In short: this sort of service would be opt-in and Facebook has unequivocally said it won't be harvesting the data to enrich its advertising algorithms.

Facebook isn't the only internet giant looking to provide users with access to their banking information via additional channels. Banks like Capital One have been building Alexa skills for Amazon's voice assistant so customers can ask the device what their most recent transactions were, and how much is left in their accounts.

Why the outcry?

As the WSJ reported: "Data privacy is a sticking point in the banks' conversations with Facebook, according to people familiar with the matter. The talks are taking place as Facebook faces several investigations over its ties to political analytics firm Cambridge Analytica, which accessed data on as many as 87 million Facebook users without their consent."

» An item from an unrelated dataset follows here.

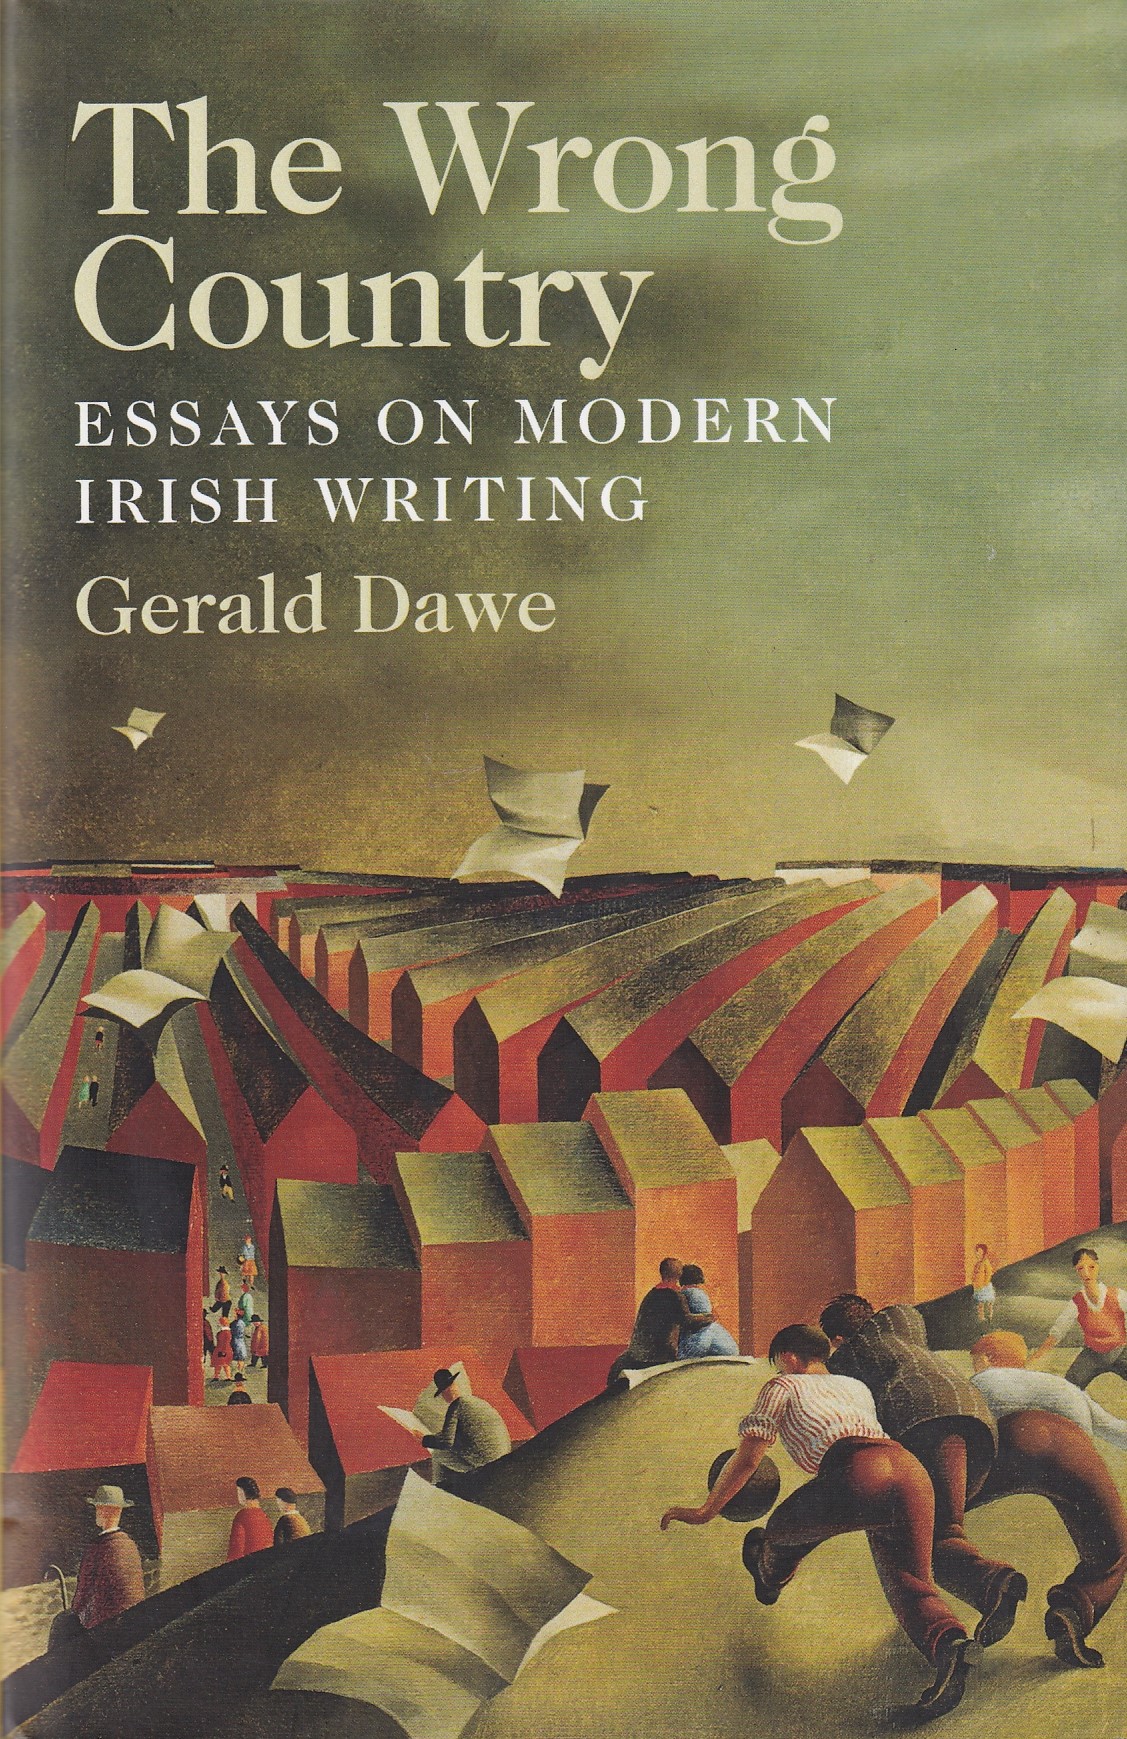 The Wrong Country: Essays on Modern Irish Writing by Gerald Dawe
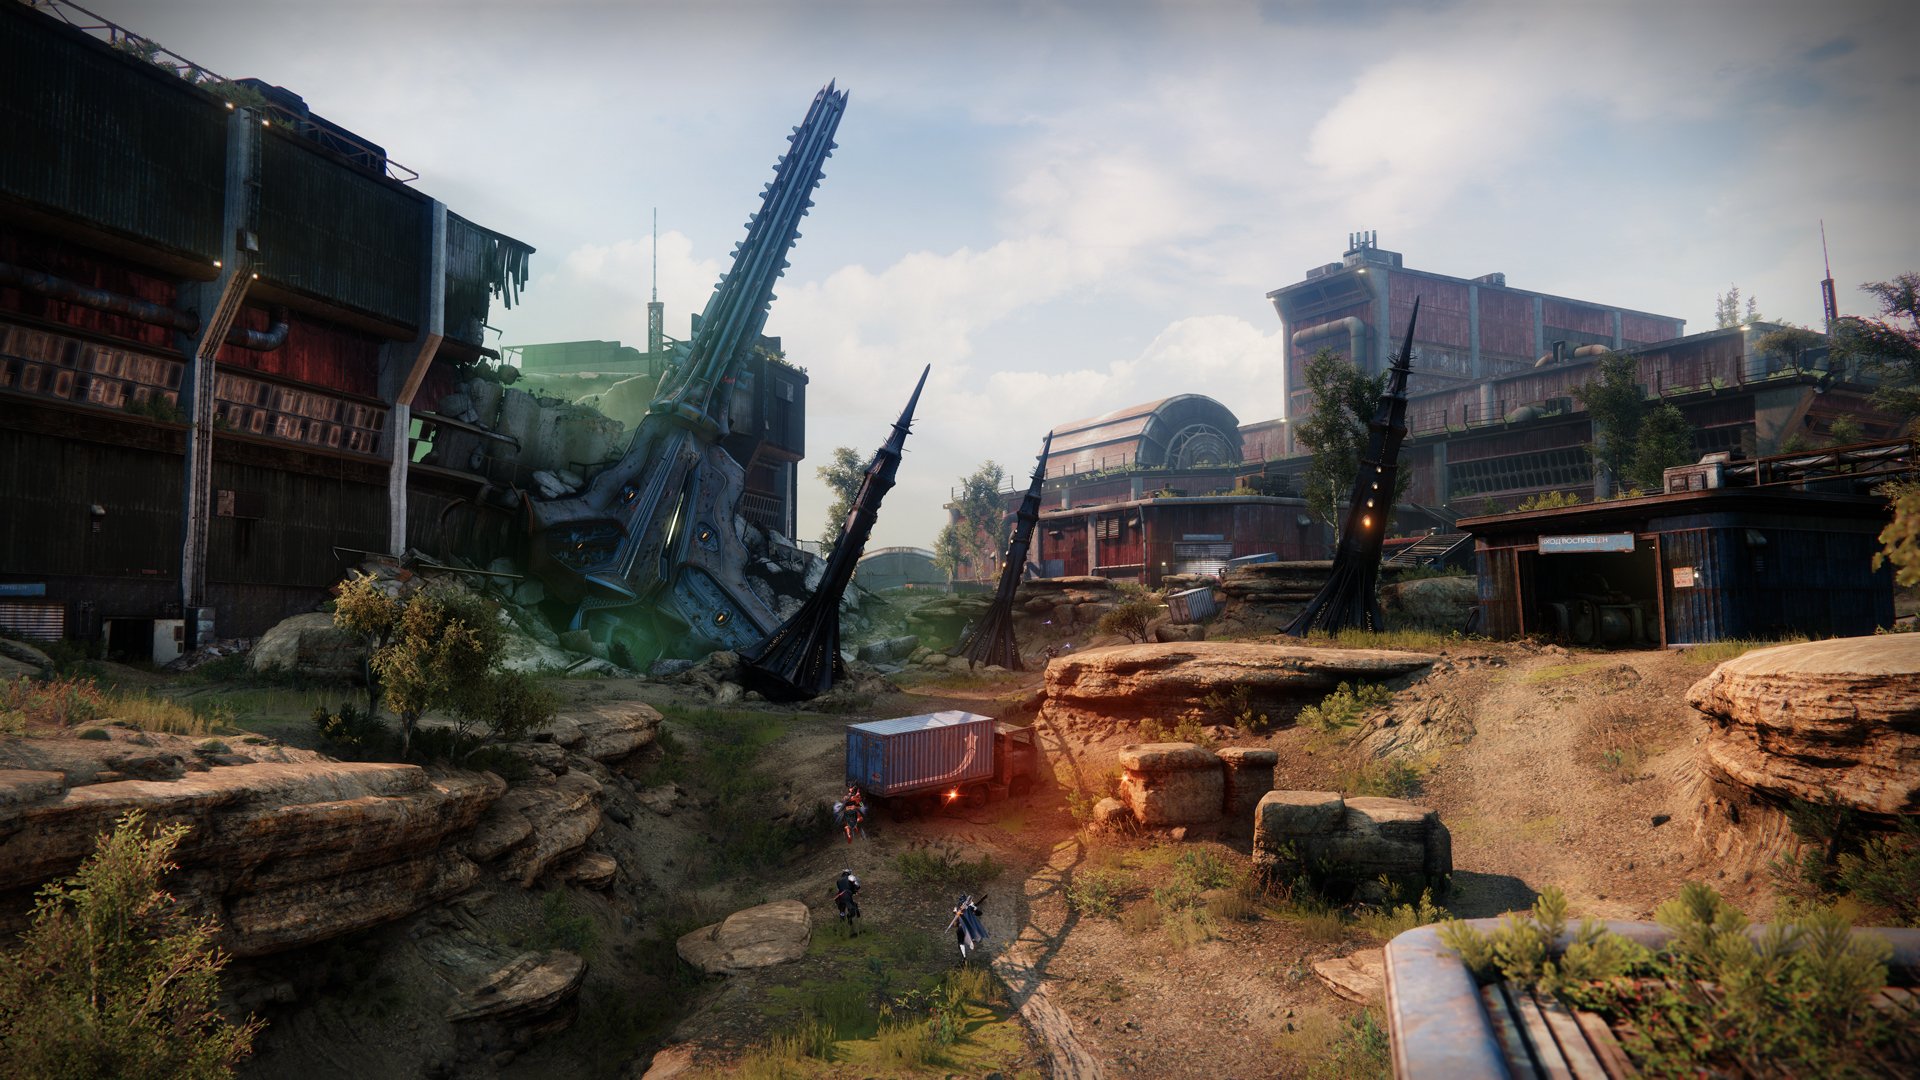 Destiny guide: Earth Cosmodrome story missions walkthough and

A lot of this initial reaction will be, justifiably, driven by these recent data sharing scandals that have hurt Facebook's credibility. In the aftermath of the Cambridge Analytica scandal it is natural to ask: 'if I can't trust you with the results of a quiz I did five years ago, why would I trust you with access to my financial information?'

This concern was enough to convince one large US bank to halt discussions with Facebook, the paper reported.

It's also safe to assume that the value proposition here is heavily weighted towards Facebook while the risk, if this data was to be misused, falls uncomfortably on the shoulders of the bank itself. 

Open banking and PSD2

The introduction of the Revised Payment Service Directive (PSD2) and open banking earlier this year marked significant changes to financial regulations in Europe and the UK respectively, signalling that these kinds of financial data sharing mechanisms are likely to become the norm.

Both pieces of regulation force the big banks to open up customer data with a set of standardised, secure APIs, allowing customers more control over who they share their transaction data with to power new services, such as account comparisons, or to get credit approval without having to file paperwork. In these cases it's up to customers to decide which third parties they trust enough with their data.

Read next: What is open banking? What does it mean for banks, fintech startups & consumers?

Under these regulations Facebook wouldn't have to cut a deal with each bank to provide these services, they could simply build a service that accesses this information via the public API and try to convince customers to opt in.

So, the outcry to this report highlights two things: Facebook has lost a great deal of public trust, and that there needs to be a secure industry standard for sharing financial data with third parties. The EU and UK are on the way to creating that - will the US follow suit?